In a press briefing Tuesday, a reporter asked “Secretary of War” Pete Hegseth and Joint Chiefs of Staff Chair General Dan Caine to “clarify reports” about “kamikaze dolphins” being used by Iran as mine detectors. The BBC reported that Iran obtained and trained some dolphins for combat duty in 2000. Even if it did, they’d be too old for service now, says CNN, which also reported that the U.S. military has trained dolphins to detect mines. According to a RAND engineer involved in the training, however, the animals do not detonate the mines and get killed in the process.
“Kamikaze dolphins” sounds, if not exactly oxymoronic, improbable. Dolphins do defend themselves from predators. But if the animal kingdom has conscientious objectors, it would be the dolphins.

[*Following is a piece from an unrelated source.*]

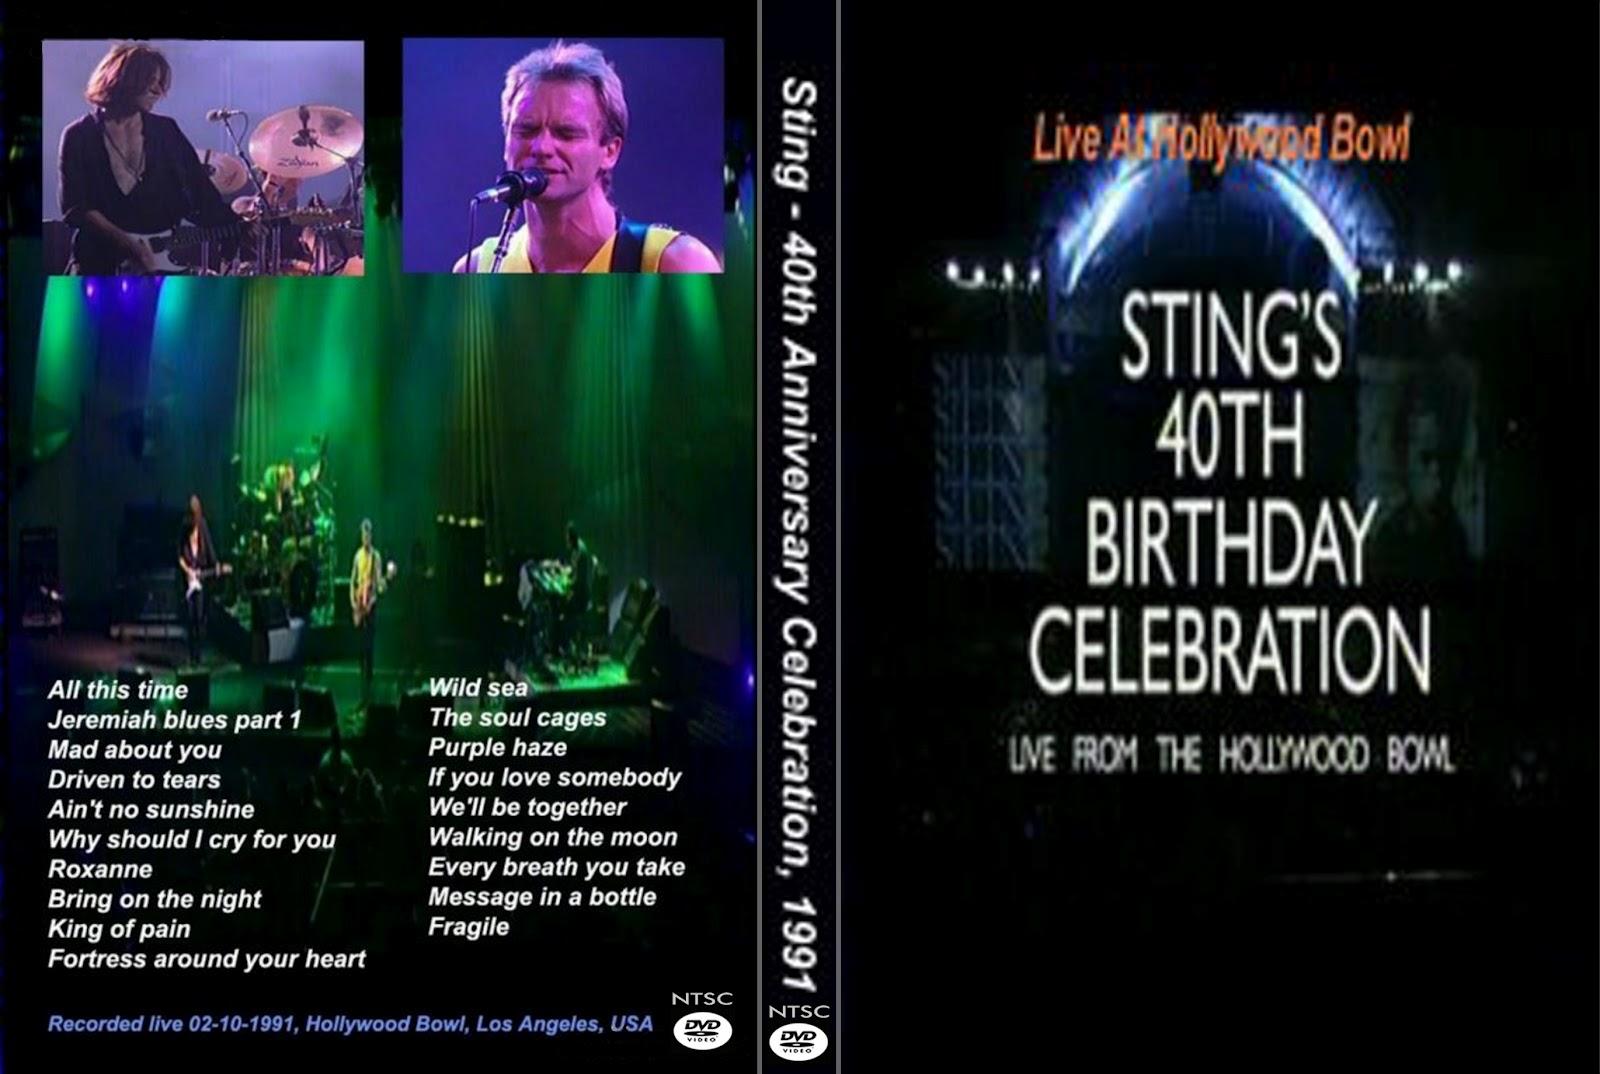 http://3.bp.blogspot.com/-QCfKG86XldI/UEiLVD0iIEI/AAAAAAAAAYo/dA2cwYzzeFA/s1600/DVD+Case.jpg
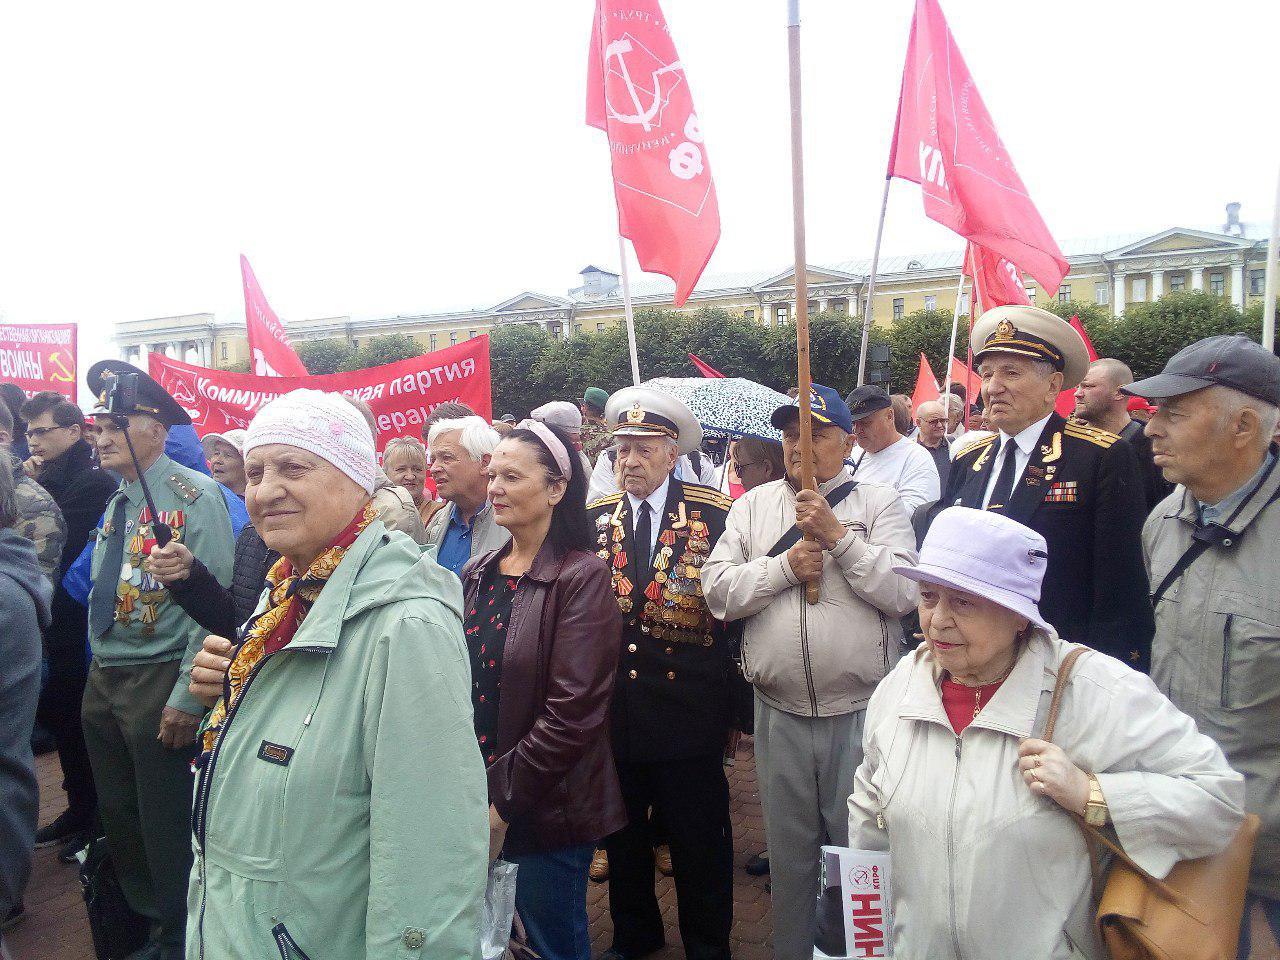 фото ЗакС политика Активисту Казаку не разрешили провести перформанс на митинге КПРФ

Caine said he hadn’t heard about “the kamikaze dolphin thing.” But Hegseth was, as usual, sure of the facts: “I can’t confirm or deny whether we have kamikaze dolphins,” he said, “but they [the Iranians] don’t.”
This was the same briefing at which the men insisted that “Project Freedom,” in which the U.S. intends to break Iran’s blockade and “restart the free flow of commerce through the Strait of Hormuz,” presumably using warships and weapons, is not warfare and is “separate and distinct” from “Operation Epic Fury.” At another press conference the same day, Trump and Secretary of State Marco Rubio declared that Epic Fury, the war, is over anyway, mission accomplished, even thought the U.S. continues to block Iranian ports and Iran is firing missiles and drones throughout the region.
Was Hegseth suggesting that the deployment of dolphins would be a military secret and a decision to be made by the commander-in-chief alone? And did I detect the hint of a smile on his pretty, death-worshiping face when he uttered the words “kamikaze dolphins” — visions of the exploding flesh of these sensitive, intelligent creatures dancing in his head?